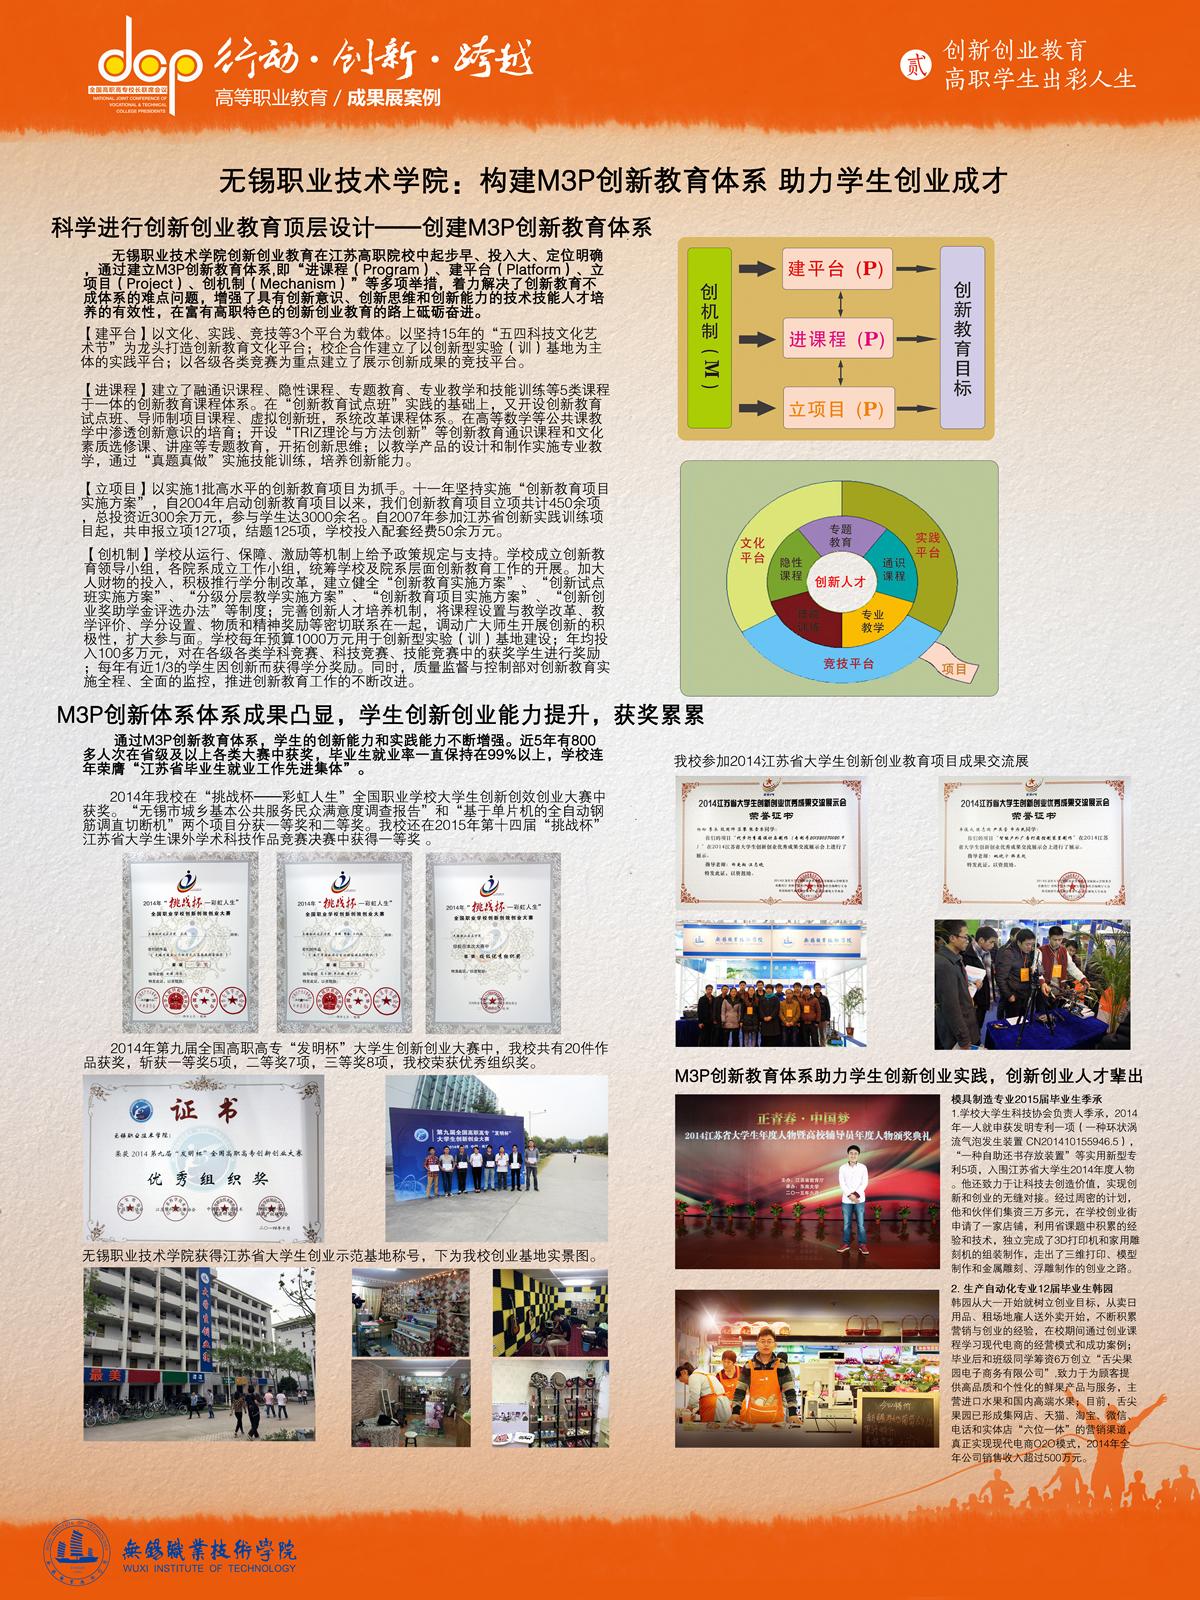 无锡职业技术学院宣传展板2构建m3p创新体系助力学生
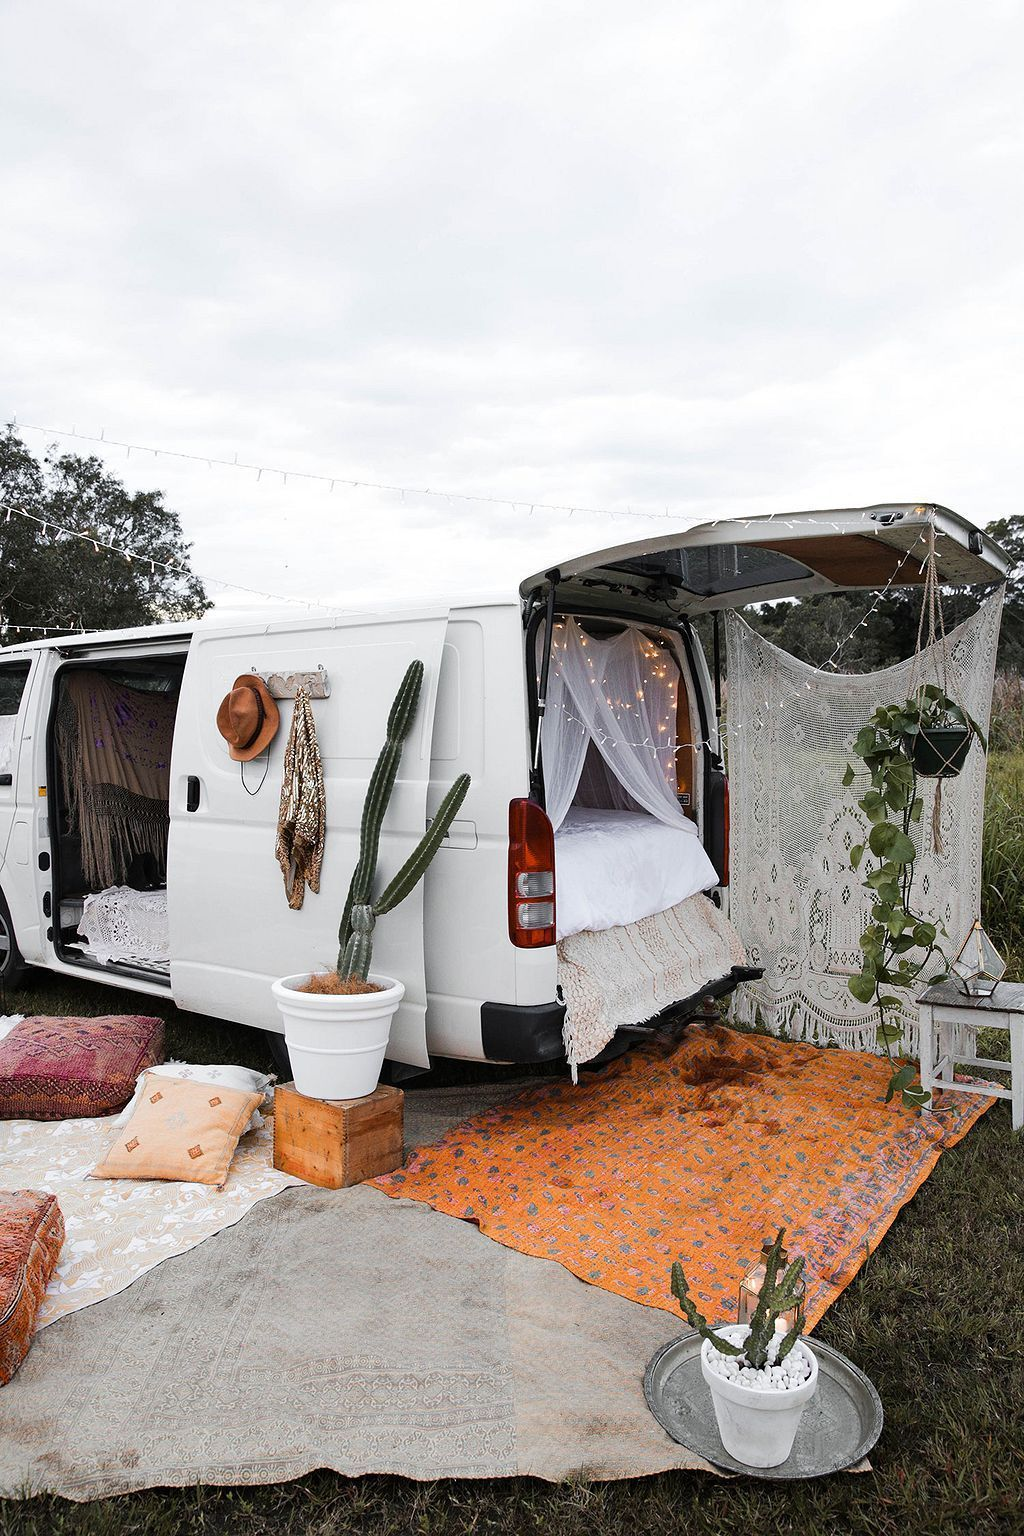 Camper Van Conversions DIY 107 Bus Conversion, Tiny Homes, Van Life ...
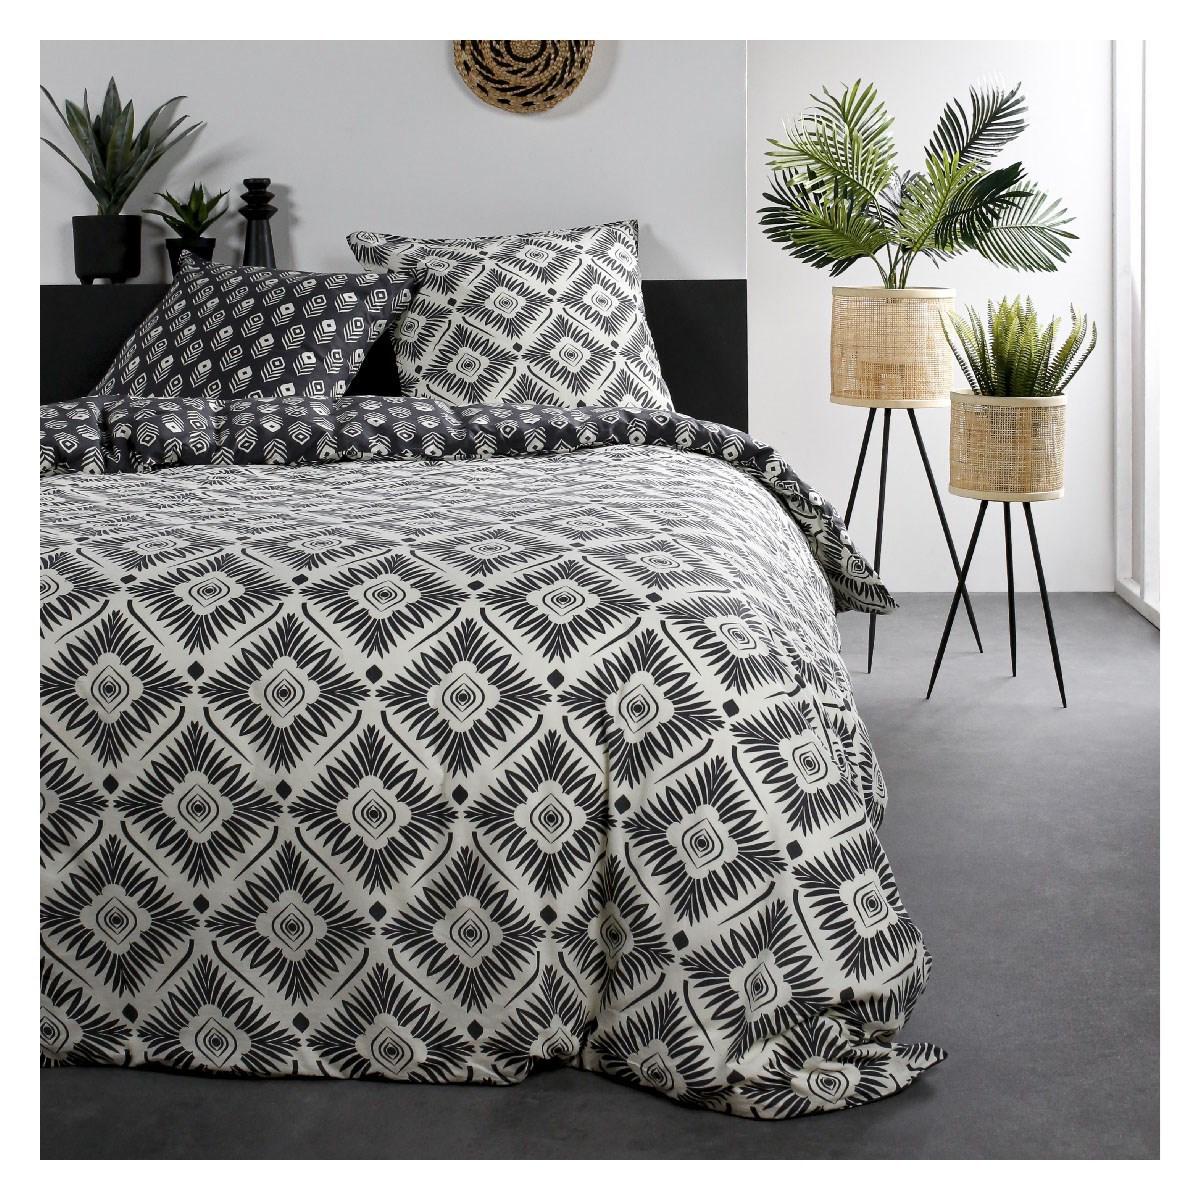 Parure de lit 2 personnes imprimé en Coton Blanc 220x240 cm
•••••
For this exercise, retype the listing above word for word and omit the pictures.

 无锡职业技术学院宣传展板2构建m3p创新体系助力学生
 Camper Van Conversions DIY 107 Bus Conversion, Tiny Homes, Van Life ...
 Parure de lit 2 personnes imprimé en Coton Blanc 220x240 cm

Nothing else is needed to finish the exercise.